Her first shot across the bow:
The culture is rotten. What is so stunning about “The Bling Ring” is the total lack of guilt, shame, remorse, or even fear.
is followed by:
The sheer magnitude of excess, greed, and narcissism is on a scale that is overwhelming.
Then Quinn steps back to the existential ground when, a long time ago, humans took responsibility for their transgressions:
“Crime and Punishment” this is not.
Then comes the coup de grace:
Forget values, ethics and morals. They don’t exist in the world these kids occupy. The tragedy is that they represent a much larger part of the population, obsessed with fame, glamour, money, and possessions. They don’t even worry about consequences. Ultimately, they are all sentenced to prison. Whatever.1
Yes, yes, yes. This is how we feel.
How did the world descend to this tenth circle of hell? Then it’s only a matter of time before the usual suspects get the blame placed on them: parents, social media, teenagers, celebrities, Hollywood, a godless society. Then there are specific perpetrators, one of whom is featured in the film (as a victim of the robberies), Paris Hilton.
The Bling Ring’s impossible challenge for us is to reject the moralizing. We feel superior to the teenagers because of the celebrity issue. The four girls and boy represent our worst fears for the future (or the present): a world inhabited by increasingly vapid people sutured to social media. The four girls and one boy become the apotheosis of our worst fears for the future: a world inherited by increasingly vapid people saturated by social media. Our natural moral superiority continues unabated as we gain satisfaction when the thieves get caught, probably delighting in the teenagers’ complete lack of self-knowledge or their inability to detach themselves from their egregious actions. They didn’t think they were committing crimes. They almost seem to have felt that they had been invited into the celebrities’ homes. Here’s the locus of our sick feeling after watching the film. The new generation is unable to gain any degree of self-consciousness, an important tool to creatively respond to the reality imposed on us by society. We may even feel smug about their unapologetic reaction to being caught and not overly worried by the one to four years sentences in jail. We want to separate ourselves unequivocally from this crew. Partly, our response may come from feeling that there’s no justice commensurate to their actions. And there may be nothing to stop future bling rings. We just continue to moralize into a cultural vacuum. The most important thing, though, is to remove ourselves from the teenagers’ vision of the world. The words of Sally Quinn echo in our minds, which might absolve us of any responsibility for the teenage thieves’ actions.
* * *
Recently, I wrote an article on forms of celebrity worship and stalking in the films Strangers on a Train (1951) and The King of Comedy (1982).2 The intensity of our society’s celebrity chasing, I noted, increased dramatically during the 30 years between the two films, reaching celebrity obsession levels with Rupert Pupkin (Robert De Niro). Thirty years later, the Bling Ring teenagers appear and make Rupert Pupkin look like an innocent if not a piker regarding celebrity devotion and fantasia. Two scenes in the respective films offer a quadrant where the respective celebrity pursuits overlap.

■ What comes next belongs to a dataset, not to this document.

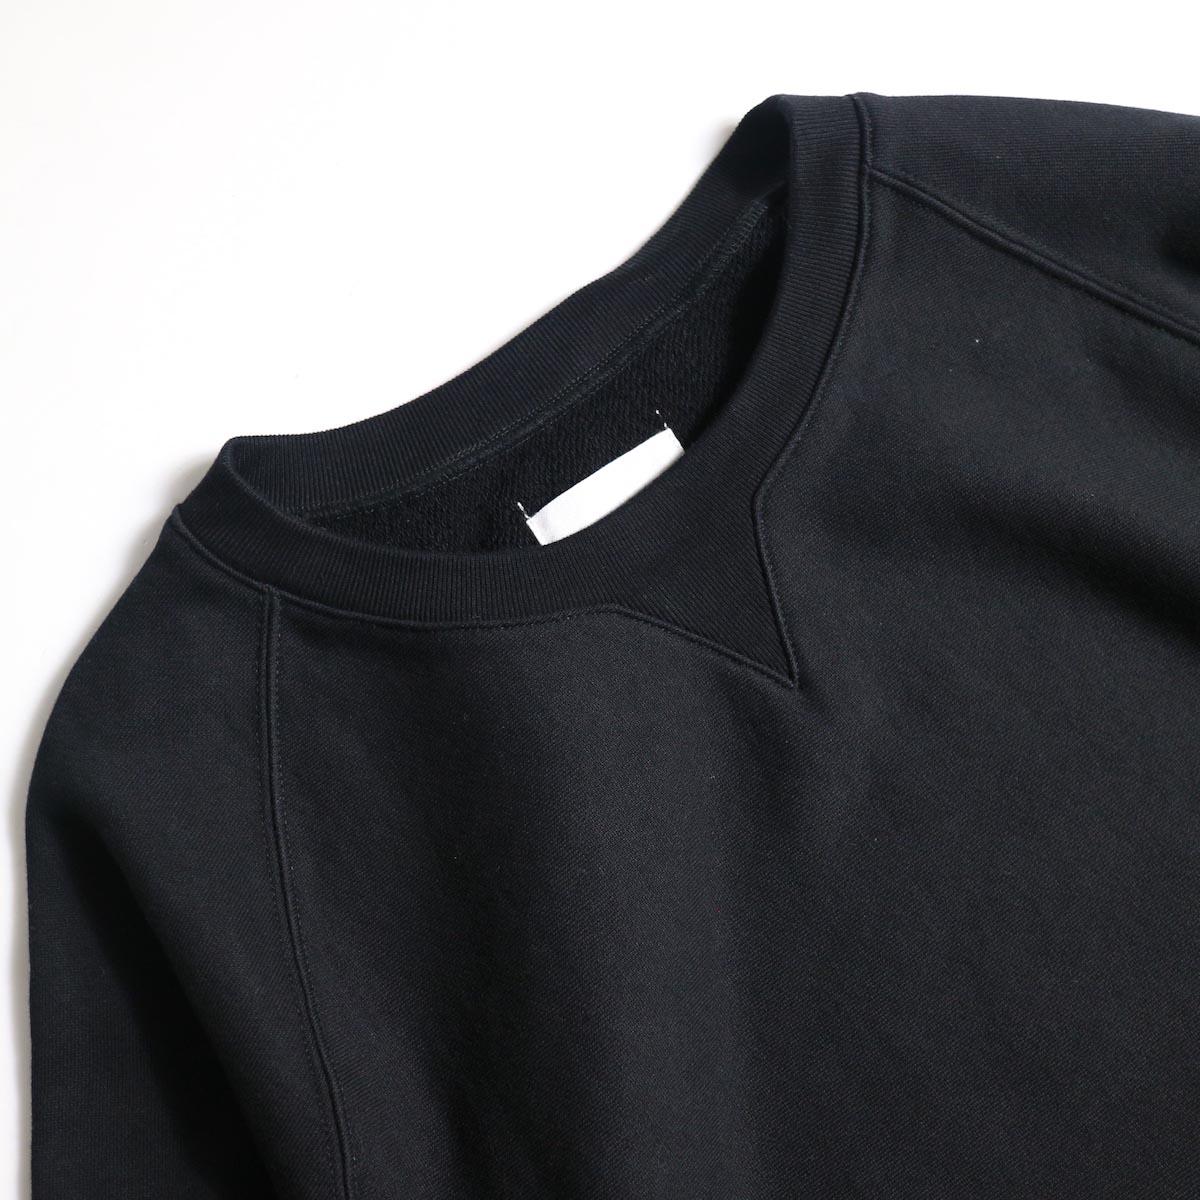 The Soloist / sc.0013bAW20 crew neck sweatshirt. (Black)クルーネック

- Rupert and his girlfriend, Rita (Diahnne Abbot), barge into Jerry Langford’s (Jerry Lewis) home in Connecticut acting as if they’ve been invited for the weekend. Initially, and importantly, the episode strikes us as another of Rupert’s fantasies. The trip to Connecticut stems from Rupert’s imaginary conversation with Jerry when Jerry invites him for the weekend. This sums up Rupert’s universe: the separation of reality and fantasy is dissolving. What had been harmlessly masturbatory becomes a determined course of action.
- Where Rupert entered but did not break into Jerry’s house, even made himself at home, so certain he was of that invitation, the Bling Ring crew breaks into houses uninvited but act as if they lived there and could take anything. Brazen breaking and entering becomes an act of total immersion. The money and merchandise they stole nearly pales beside the experience of becoming part of the celebrity’s life. Rupert has a motivating force: appearing on The Jerry Langford Show, which leads him to his most flagrant act, kidnapping Jerry. The internal dynamic of the Ring subtly initiates their individual desires: for instance, which members look better in Paris Hilton’s clothes and jewelry. Their crimes accrue. The millions of dollars in cash and merchandise that they stole pales beside the experience of becoming an intimate part of the celebrity’s life. Wearing Paris Hilton’s shoes (even the lone boy does!) becomes their greater, higher end. Who looks better with which piece of jewelry? At the same time, more people in their circle know about the Ring’s activities. It’s not long before they end up in jail, as did Rupert.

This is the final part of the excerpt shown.